Selama kurang lebih satu tahun, PLTMH dengan kekuatan 5000 watt hasil swadaya masyarakat ini, mampu menerangi jalan dan kedai kopi yang mereka buat.
Dukungan CSR
Setelah satu tahun berjalan, pada Maret 2021, PLTMH Gunungsari mendapat dukungan dari Indonesia Power. Dukungan corporate social responsibility (CSR) ini kemudian menyempurnakan fasilitas yang sudah ada.
Pipa-pipa paralon yang berukuran kecil diganti menjadi ukuran yang lebih besar. Mesin dinamo yang sebelumnya merupakan bahan bekas pun diganti dengan dua mesin baru.
“Pipa ini sekarang panjangnya 160 meter ke atas. Dulu nggak sampai 100 meter,” imbuh Wahyudi.
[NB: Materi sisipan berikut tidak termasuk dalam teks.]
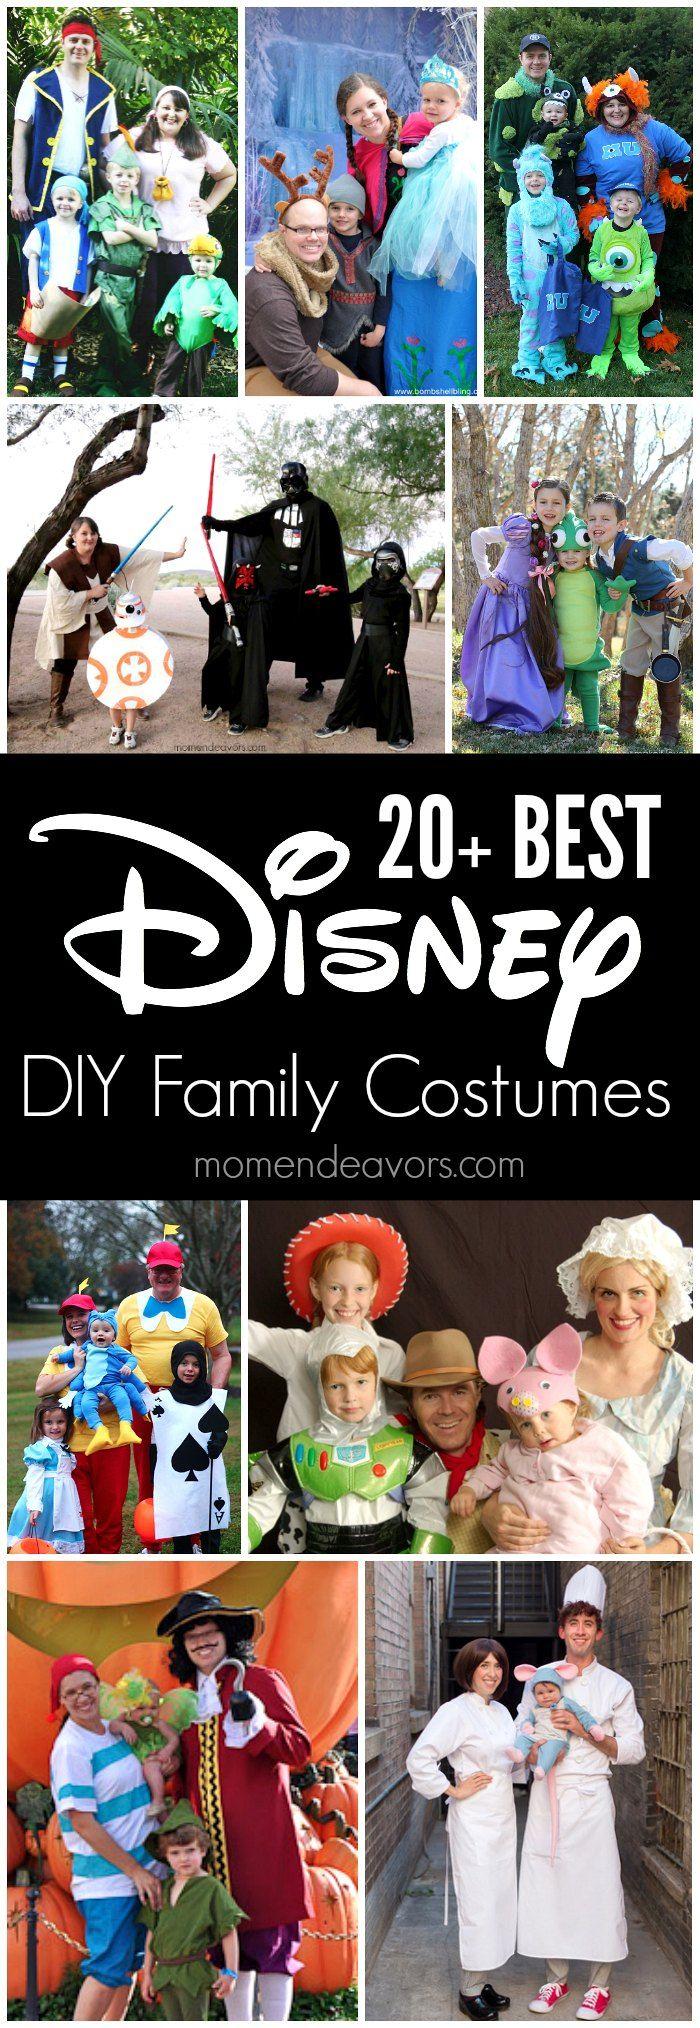 Cute Family Disney Halloween Costumes.20 Best Diy Disney Family Themed Halloween Costumes Popular On

Sarana Edukasi, Kopi Pucuk’e Kendal yang Bersinar dari Pembangkit Listrik Mikrohidro
Sejak PLTMH Gunungsari berdiri, lampu-lampu sepanjang jalan dan kedai tak pernah dimatikan. Hal ini sengaja dilakukan agar menjadi sarana edukasi bagi pengunjung yang datang.
“Memang untuk pengetahuan masyarakat karena mereka tidak lihat tulisan di depan. Tapi setelah sampai di kafe, lampunya nggak dimatikan, baru mereka tanya. Baru kami jelaskan,” bebernya.
Bahkan, menurut Wahyudi potensi pengembangan PLTMH untuk mencukupi kebutuhan masyarakat masih bisa dilakukan di Desa Ngesrepbalong. Masih terdapat aliran air yang dinilai mampu menjadi sumber listrik tenaga mikrohidro.
“Di kampung bawah, ada aliran sungai yang tidak digunakan. Ini bisa kami pakai untuk mikrohidro yang bisa memenuhi kebutuhan masyarakat,” lanjutya.
Apabila aliran ini bisa sedikit beralih fungsi menjadi sumber tenaga mikrohidro, maka pengawasan terhadap lingkungan juga bisa berjalan lebih baik.
“Masyarakat disini masih sering buang sampah di sungai. Dengan adanya mikrohidro nanti, kami lebih mudah menegur mereka. Kalau buang sampah di sungai listrik mereka tentu akan mati,” pungkas Wahyudi.
Potensi PLTMH di Jawa Tengah
Marlistya Citraningrum, Manajer Program Akses Energi Berkelanjutan Institute for Essentials Service Reform (IESR) menambahkan, berdasarkan hasil kajiannya potensi tekni tenaga mikro-mini hidro di Indonesia mencapai 28,1 GW di seluruh provinsi Indonesia.
“Di Jawa Tengah potensi teknis PLTMH mencapai 730,3 MW. Potensi sebesar ini jika dapat dimanfaatkan secara optimal akan mampu meningkatkan produktivitas masyarakat desa sehingga mendorong terwujudnya akses energi yang berkualitas dan terjangkau serta meningkatkan perekonomian dan kesejahteraan masyarakat,” tandasnya.